Items listed in a dataset:

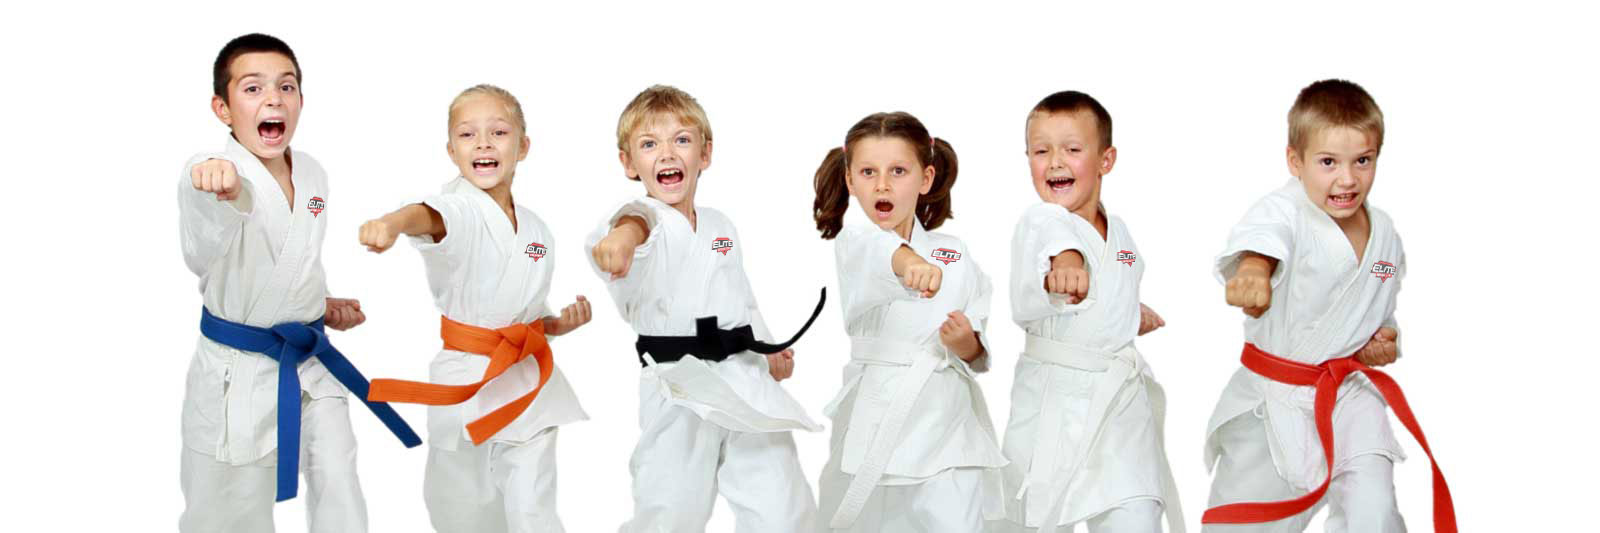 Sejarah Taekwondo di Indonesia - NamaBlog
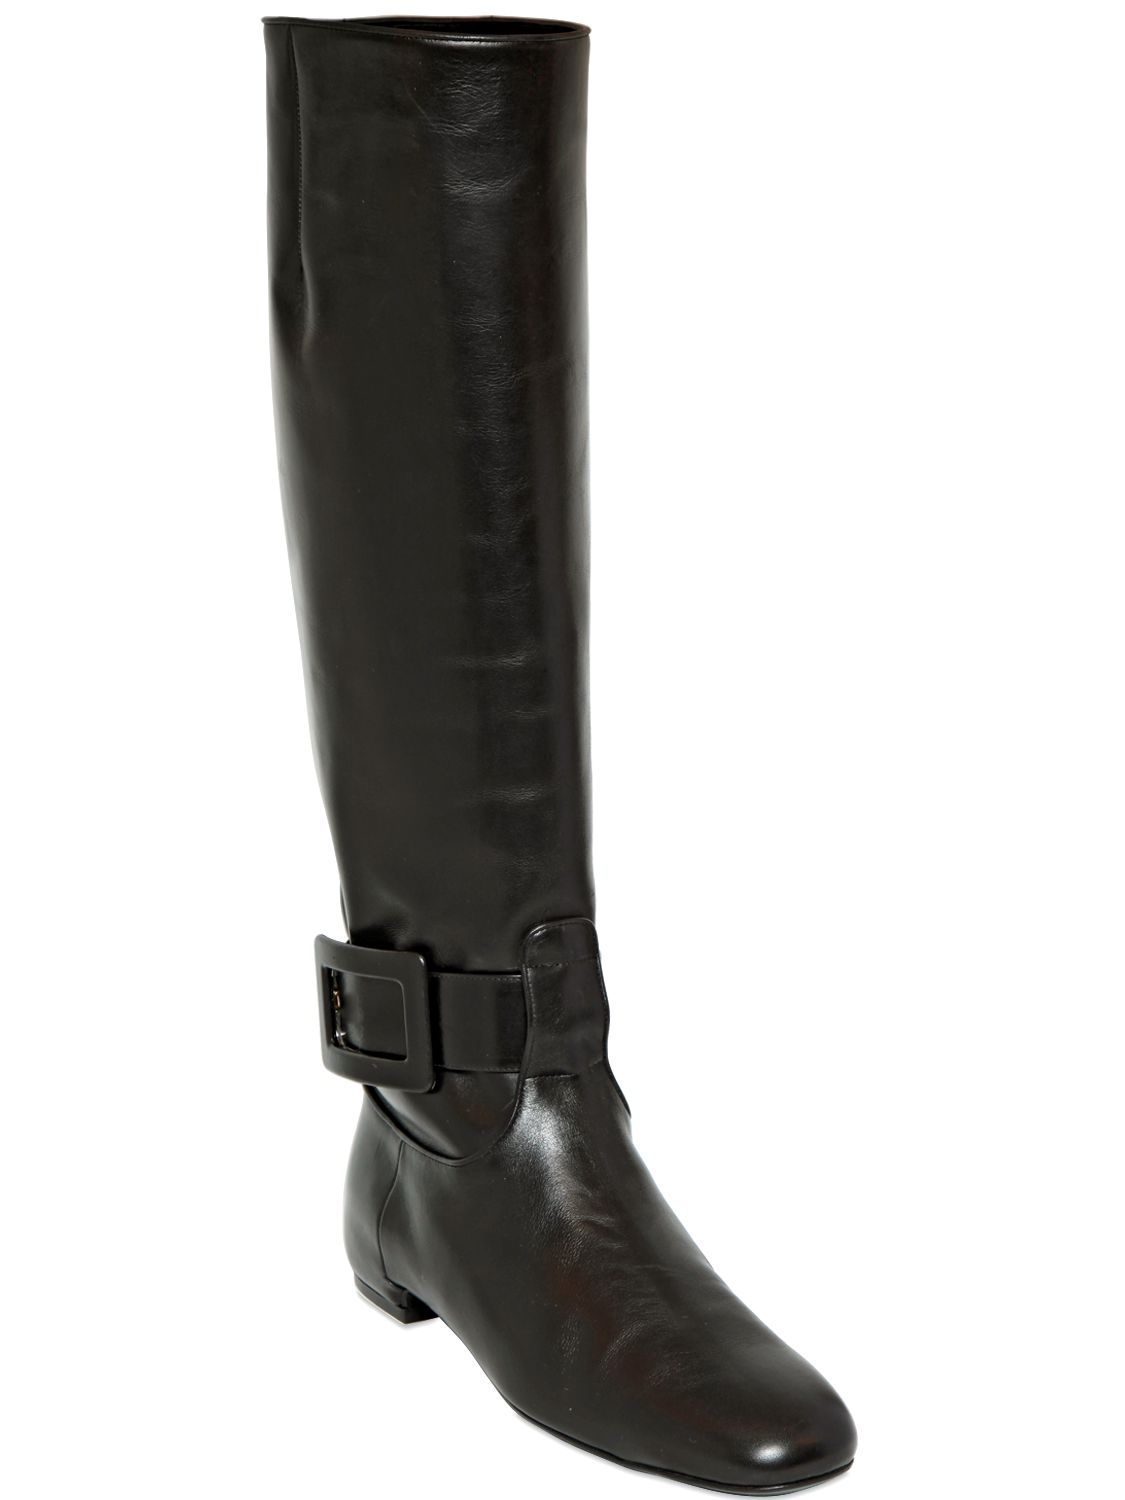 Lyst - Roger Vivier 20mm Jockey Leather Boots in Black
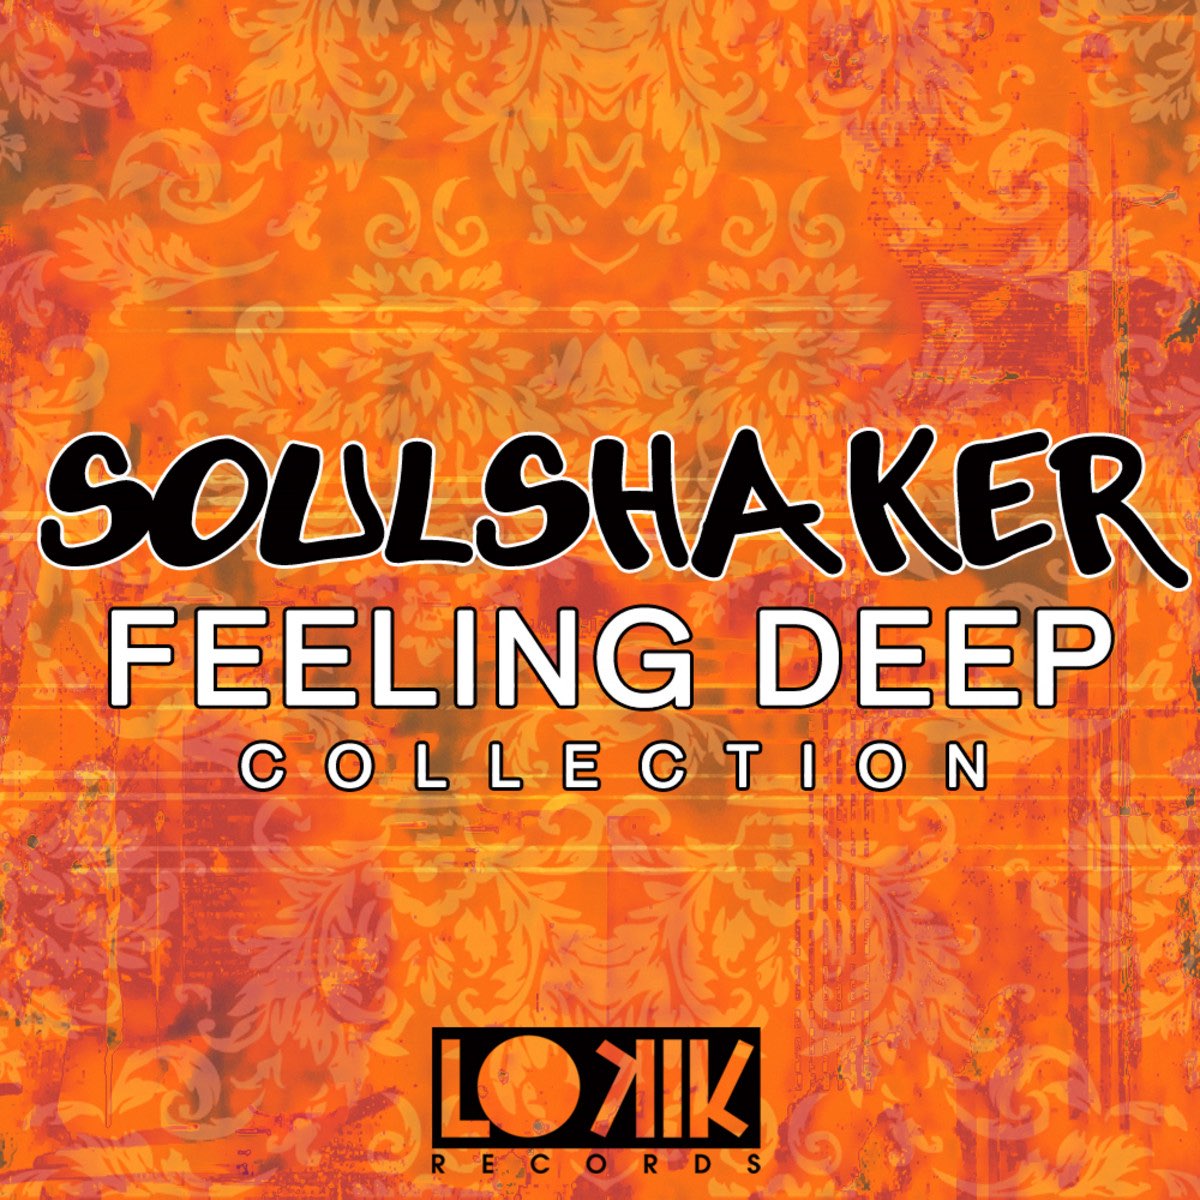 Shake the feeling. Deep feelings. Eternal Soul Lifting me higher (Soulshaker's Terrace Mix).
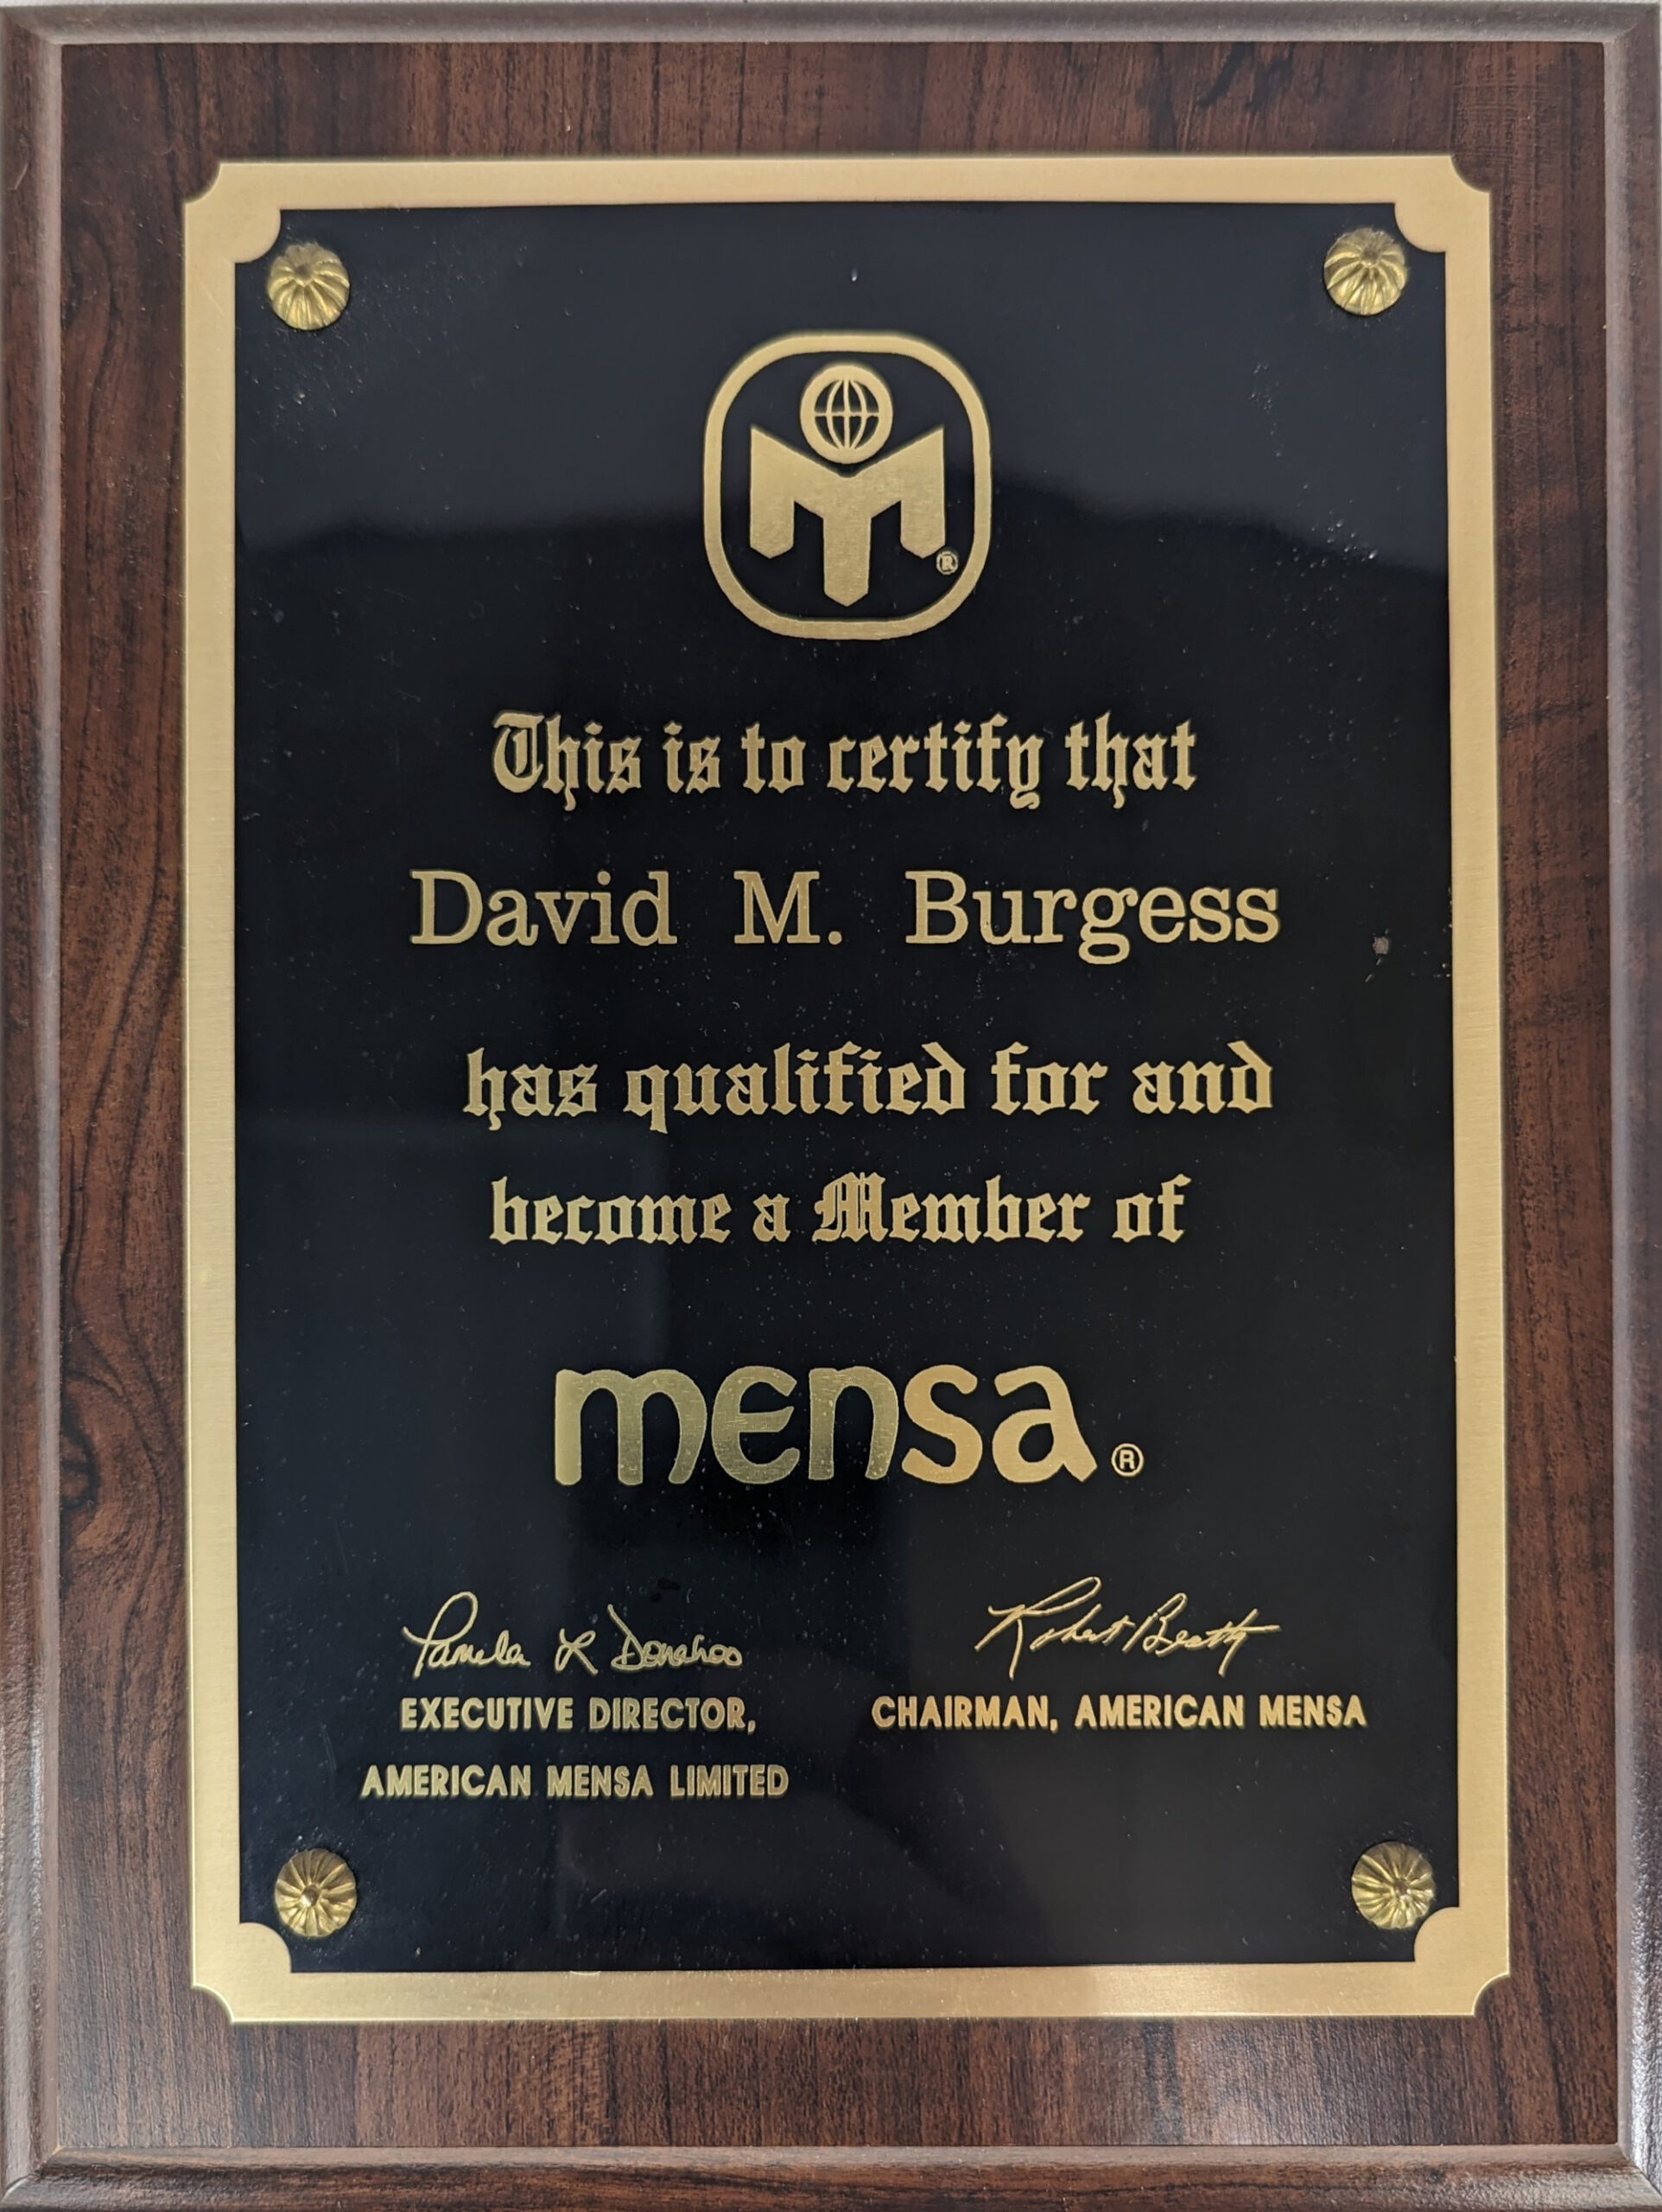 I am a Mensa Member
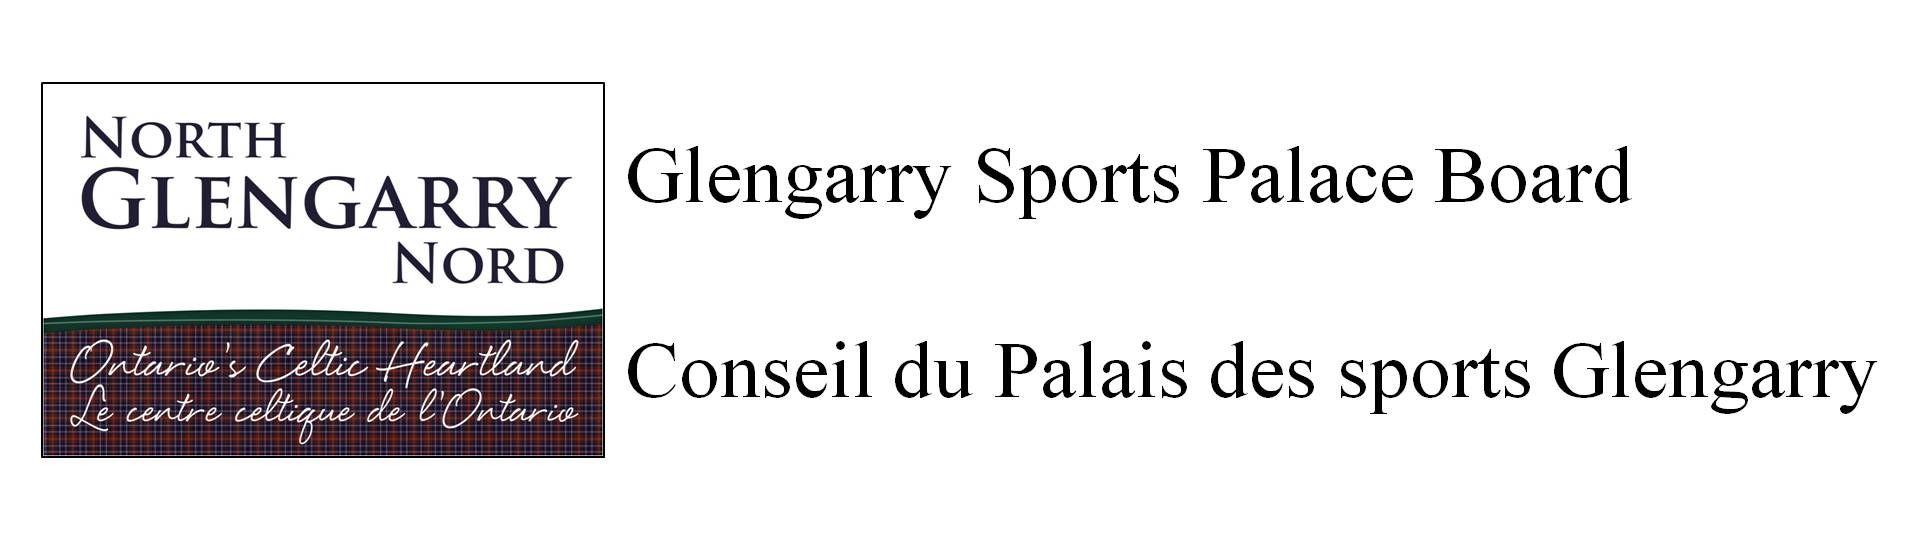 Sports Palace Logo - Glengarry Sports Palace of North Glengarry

Required work: All of the data above should be printed again exactly, though none of the pictures belong in the copy.

Response:
 Sejarah Taekwondo di Indonesia - NamaBlog
 Lyst - Roger Vivier 20mm Jockey Leather Boots in Black
 Shake the feeling. Deep feelings. Eternal Soul Lifting me higher (Soulshaker's Terrace Mix).
 I am a Mensa Member
 Sports Palace Logo - Glengarry Sports Palace of North Glengarry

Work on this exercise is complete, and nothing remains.